Course Title: Modelling with Differential Equations

Part A: Course Overview

Course Title: Modelling with Differential Equations

Credit Points: 12.00

Important Information:




Course Code




Learning Mode

Teaching Period(s)


City Campus


145H Mathematical & Geospatial Sciences


Sem 2 2006,
Sem 2 2007,
Sem 2 2008,
Sem 2 2009,
Sem 2 2010,
Sem 2 2011,
Sem 2 2012,
Sem 2 2013,
Sem 2 2014,
Sem 2 2015


City Campus


171H School of Science


Sem 1 2018,
Sem 1 2019,
Sem 1 2020,
Sem 1 2021,
Sem 1 2023

Course Coordinator: Professor Lewi Stone

Course Coordinator Phone: +61 3 9925 1728

Course Coordinator Email:

Course Coordinator Location: 15.04.21

Course Coordinator Availability: By appointment, by email

Pre-requisite Courses and Assumed Knowledge and Capabilities


Required Prior Study

You should have satisfactorily completed following course/s before you commence this course.

Alternatively, you may be able to demonstrate the required skills and knowledge before you start this course.

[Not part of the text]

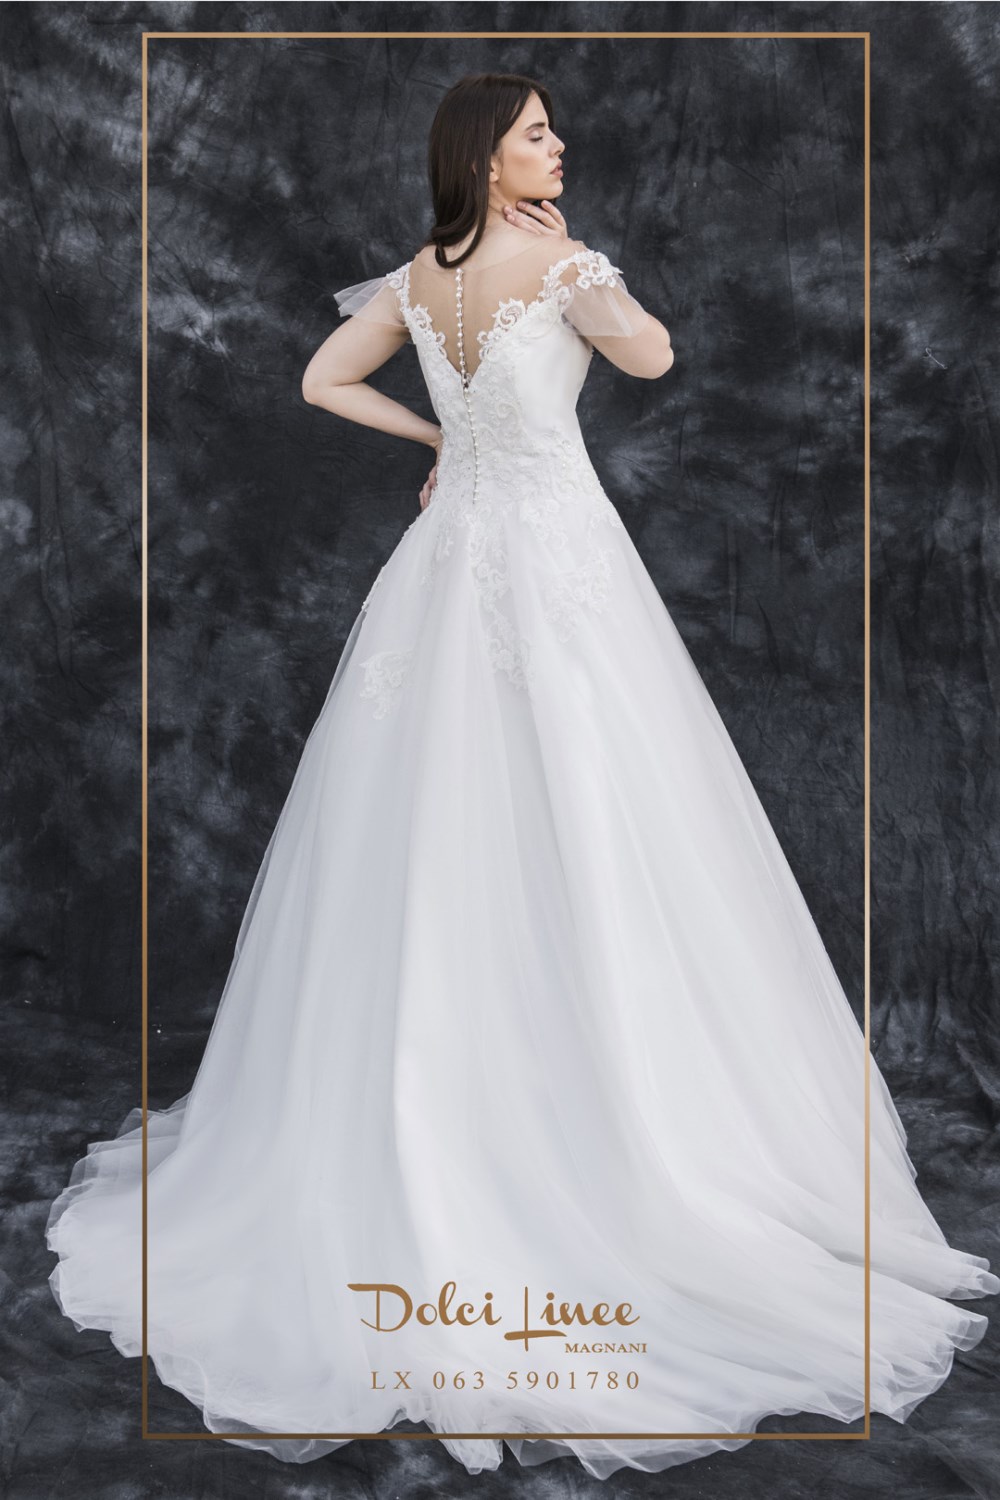 Wide dress in tulle and embroidered lace - LX 063

Contact your course coordinator if you think you may be eligible for recognition of prior learning.

Course Description

This course introduces modern mathematical modelling approaches using dynamical systems (largely differential equation approaches) that are relevant in many different applications and, in particular, for biological and ecological systems. In recent years, mathematical modelling has indeed become one of the most important research tools in biological research. 

We will introduce the basic concepts and methods for analysis of linear differential equations and their intricacies under forcing and with resonances. This will lead to  studying nonlinear dynamical systems taking advantage of applied bifurcation and chaos theory. 

These tools will be used, in particular, to explore complex biological systems ranging from epidemics and infectious diseases (eg., COVID),  to the periodic processes driving the heart and brain or for studying ecological processes such as species persistence and biodiversity. 

The assessment of this course will include implementing the techniques encountered in the lectures in a programming environment such as Matlab. 

Objectives/Learning Outcomes/Capability Development

This course contributes to the following Program Learning Outcomes for BP083 - Bachelor of Science, BP245 - Bachelor of Science (Statistics) and BH119 - Bachelor of Analytics (Honours):

Knowledge and Technical Competence:

  • use the appropriate and relevant, fundamental and applied mathematical and statistical knowledge, methodologies and modern computational tools.


  • synthesise and flexibly apply knowledge to characterise, analyse and solve a wide range of problems
  • balance the complexity / accuracy of the mathematical / statistical models used and the timeliness of the delivery of the solution.


  • the ability to effectively communicate both technical and non-technical material in a range of forms (written, electronic, graphic, oral) and to tailor the style and means of communication to different audiences. Of particular interest is the ability to explain technical material, without unnecessary jargon, to lay persons such as the general public or line managers.

On completion of this course you should be able to:

  1. Analyse linear and nonlinear dynamical systems and use them for modelling real problems, in particular in biology;
  2. Identify and apply key concepts of stability and bifurcation theory;
  3. Analyse and simulate some of the key mathematical models that have become famous in the biological sciences;
  4. Identify and apply key concepts of modelling oscillatory systems and biological synchrony;
  5. Run biological models through an implementation with a programming environment such as Matlab.
  6. Collaborate with peers to analyse and solve mathematical problems using communication strategies that optimise both team and individual performance

Overview of Learning Activities

This course is taught through a mix of lectorial instruction, some computer laboratory exercises and assignments  Key concepts will be explained in detail in lectorials. There are homework exercises (2) and a group assignment which also involves an oral presentation.   

Overview of Learning Resources


RMIT will provide you with resources and tools for learning in this course through myRMIT Studies Course

There are services available to support your learning through the University Library. The Library provides guides on academic referencing and subject specialist help as well as a range of study support services. For further information, please visit the Library page on the RMIT University website and the myRMIT student portal.

Overview of Assessment

Assessment Tasks

Assessment Task 1: Online quizzes
Weighting 20% 
This assessment task supports CLOs 1, 2

Assessment Task 2: In class mid semester problem based timed test I
Weighting 25% 
This assessment task supports CLOs 1, 2, 3, 4,

Assessment Task 3: Team based group assignment.  
Weighting 25%
This assessment task supports CLOs 1, 5, 6 

Assessment Task 4  Online timed summative test
Weighting 30% 
This assessment task supports CLOs 1, 2, 3, 4

If you have a long-term medical condition and/or disability it may be possible to negotiate to vary aspects of the learning or assessment methods. You can contact the program coordinator or Equitable Learning Services if you would like to find out more.